In a significant move China, which last year become the IMF’s third most powerful member country, called for “fairness, transparency and merit” in the selection of the next IMF boss.

As emerging nations began staking out their positions in the expected leadership battle, Austrian Finance Minister Maria Fekter suggested that Strauss-Kahn resign to avoid damaging the institution.

The world’s fast-growing developing economies have lobbied aggressively for an overhaul at the IMF and have expressed growing frustration at being shut out of the process on who runs the global institution.

A long-standing agreement between the United States and Europe has ensured that a European has always headed the IMF and an American its sister organization, the World Bank.

The arrest of Strauss-Kahn for sexual assault and attempted rape of a hotel maid in New York has set off a round of jostling for position on who could replace him and invigorated emerging market countries in their push for change.

Strauss-Kahn, who was refused bail on Monday and is being held in a New York jail, has denied the charges.

IMF board officials said there was a push by some countries for a speedy resolution to Strauss-Kahn’s future as head of the fund, while others cautioned against judging him too quickly.

China’s Foreign Ministry declined to comment on the charges against Strauss-Kahn, but a spokeswoman, asked about how IMF leaders are chosen, said: “We believe that this should be based on the principles of fairness, transparency and merit.”

It was the first time China has weighed in early and so publicly in the IMF selection debate.

All 10 managing directors to have run the fund since it was created after the World War Two have been Europeans, including four Frenchmen, the most recent of them Strauss-Kahn.

IMF experts and analysts have said that if Strauss-Kahn resigns soon, it may force countries to maintain the status quo and choose a European. Throwing open the process may take longer at a time when the job needs to be quickly filled.

Brazil has been one of the most aggressive emerging economies to call for an end to the status quo. Brazilian Finance Minister Guido Mantega told the IMF’s steering committee last month it was “high time that we make a political breakthrough in departing from the outdated practice.”
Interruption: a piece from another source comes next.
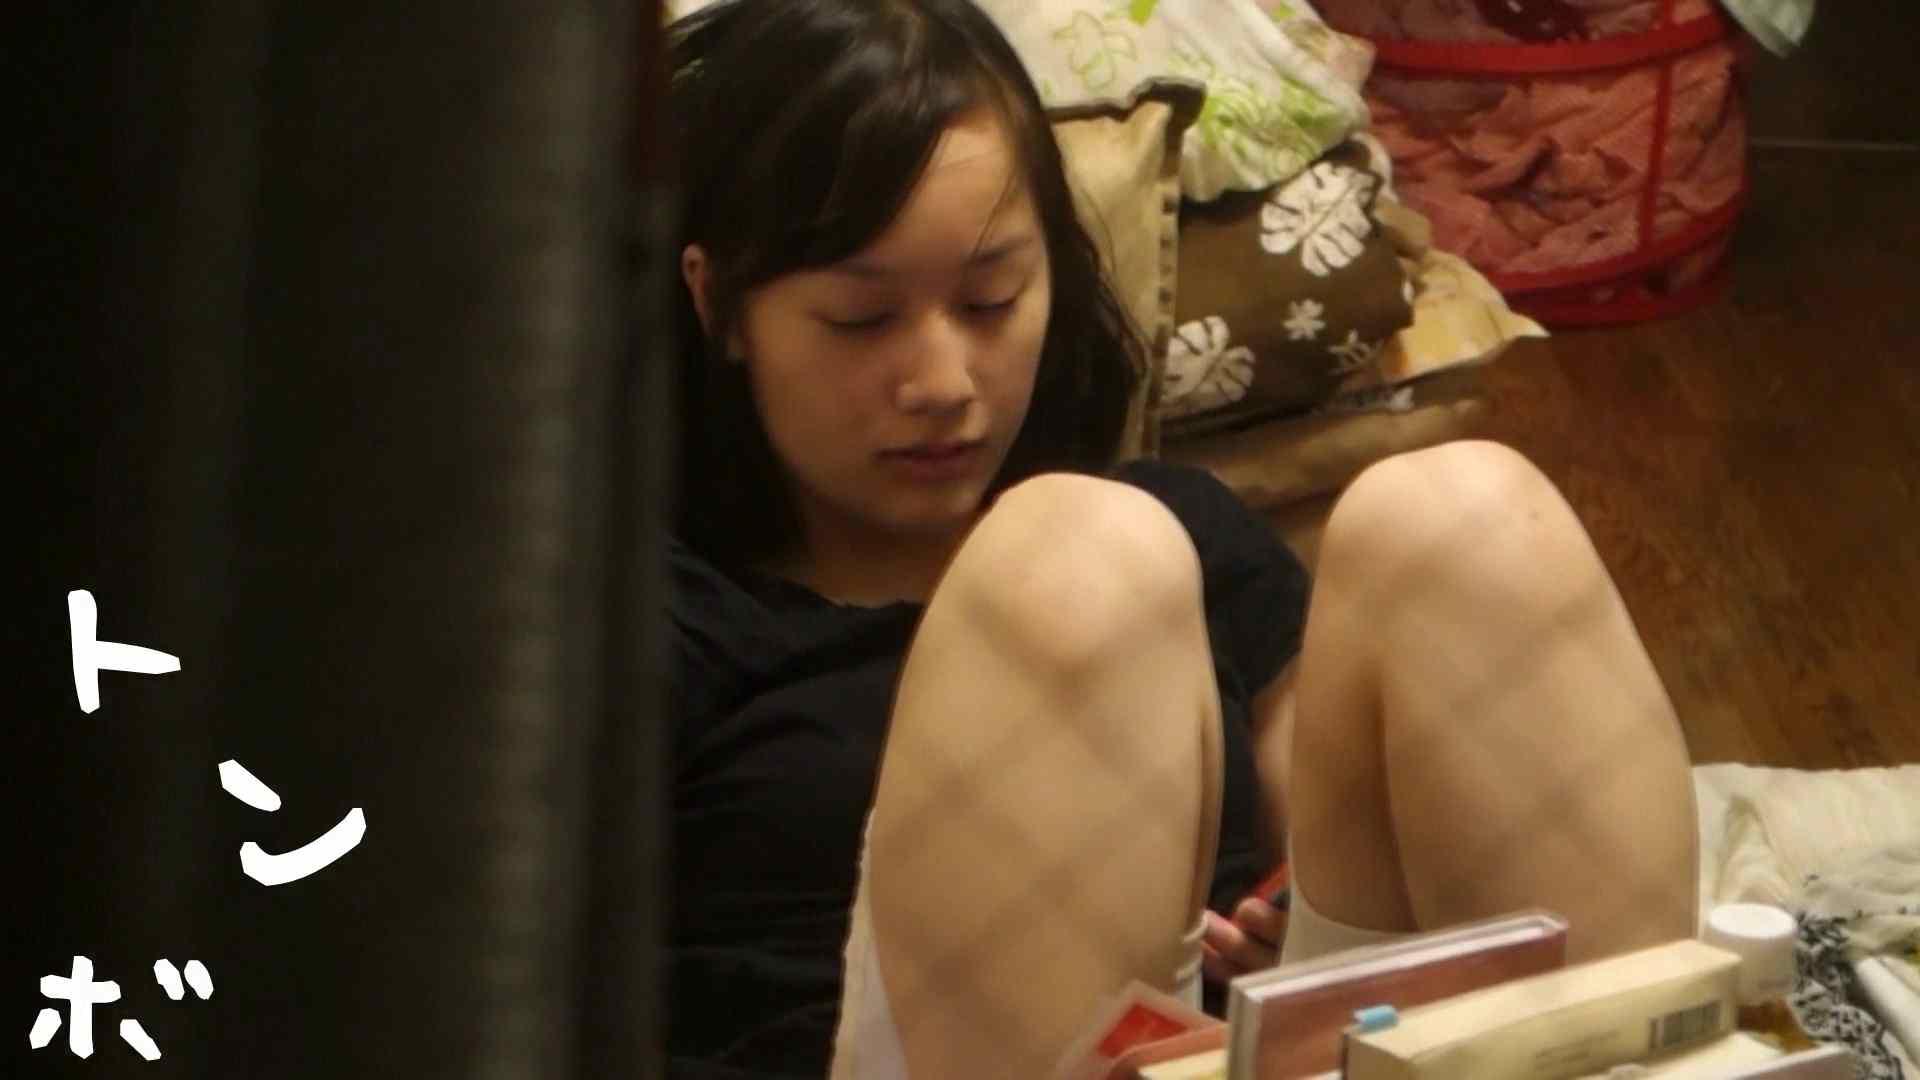 リアル盗撮 S級美女女子大生の私生活② エロくん潜入 覗きおまんこ画像 88連発 3

A senior Brazilian government official told Reuters Brazilwants the IMF’s next chief to come from a large emerging market country, but acknowledged Europe was likely to keep the job.
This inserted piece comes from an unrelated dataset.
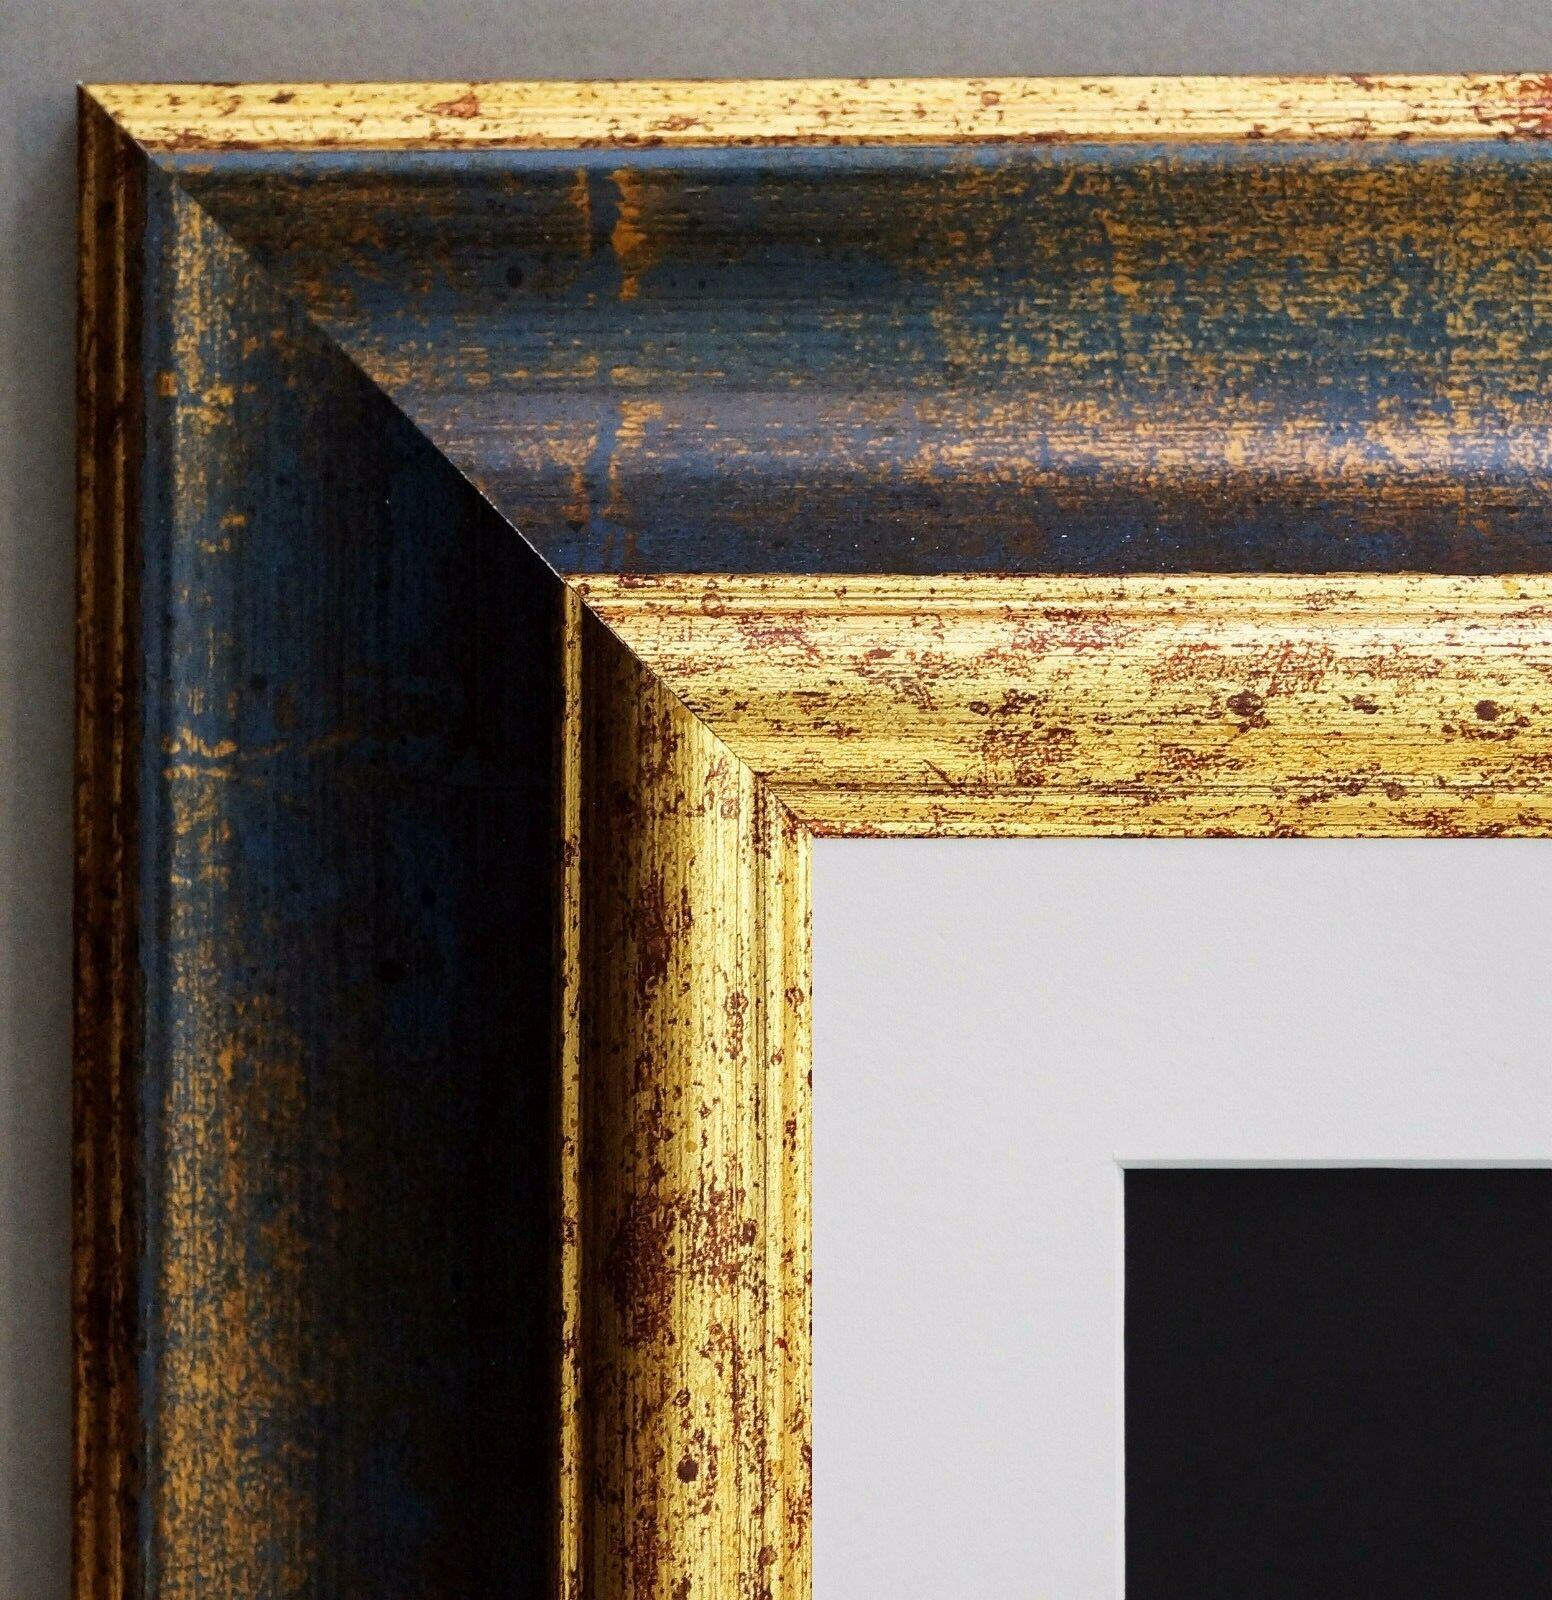 Bilderrahmen Acta Gold Antik gemasert mit Passepartout Weiss 6,7 alle Größen

“We believe India and Brazil would be good options,” the official said, speaking on condition of anonymity. “But we also believe that Europe is likely to keep its deep stranglehold on the position, and so we’re not planning to push very hard on this issue for now.”

German Chancellor Angela Merkel said on Monday that it was not yet time to discuss succession, but there was a good case for a European to occupy the job.

Asked at a European finance ministers’ meeting in Brussels whether Strauss-Kahn should resign, Austria’s Fekter said: “Given the situation, that bail has been denied, he has to consider that he would otherwise do damage to the institution.”

Spain’s Economy Minister Elena Salgado said it was up to Strauss-Kahn to make up his own mind, adding: “My solidarity first and foremost is with the woman who suffered the attack, if that was what happened.”

The United States, the IMF’s largest and most influential shareholder, has yet to comment on the selection process since Strauss-Kahn arrest, but it has made a strong case in recent years for emerging markets to have a greater say in the IMF.

In April 2009 at a meeting of the Group of 20 in London, the world’s major economies agreed “that the heads and senior leadership of the international financial institutions should be appointed through an open, transparent, and merit-based selection process.”

Strauss-Kahn has been deeply involved in talks over European Union and IMF bailouts for debt-strapped countries.

But another of his signature achievements has been reforming the IMF’s voting structure to give emerging market economies more power.

The IMF has named the fund’s deputy, John Lipsky, as acting managing director. Lipsky announced last week, however, that he was stepping down when his term expires in August, adding to pressure on the IMF to quickly resolve the leadership issue.

French Finance Minister Christine Lagarde has emerged as a front-runner for the IMF job, but her nationality may count against her. A French citizen has run the IMF for 26 out of the past 33 years and the embarrassment over the Strauss-Kahn affair may make it hard for Paris to make a credible case.

In Washington’s inner circles, former Turkish Finance Minister Kemal Dervis, who now runs an economic program at the Brookings Institution, is a leading name. Turkey’s status as a large emerging market within the European continent could ease concerns by developing nations that feel shut out of the selection process.

Other possibilities are Agustin Carstens, governor of Mexico’s central bank, and Montek Singh Ahluwlia, an economic adviser to Indian Prime Minister Manmohan Singh, as well as South Africa’s former Economy Minister Trevor Manuel.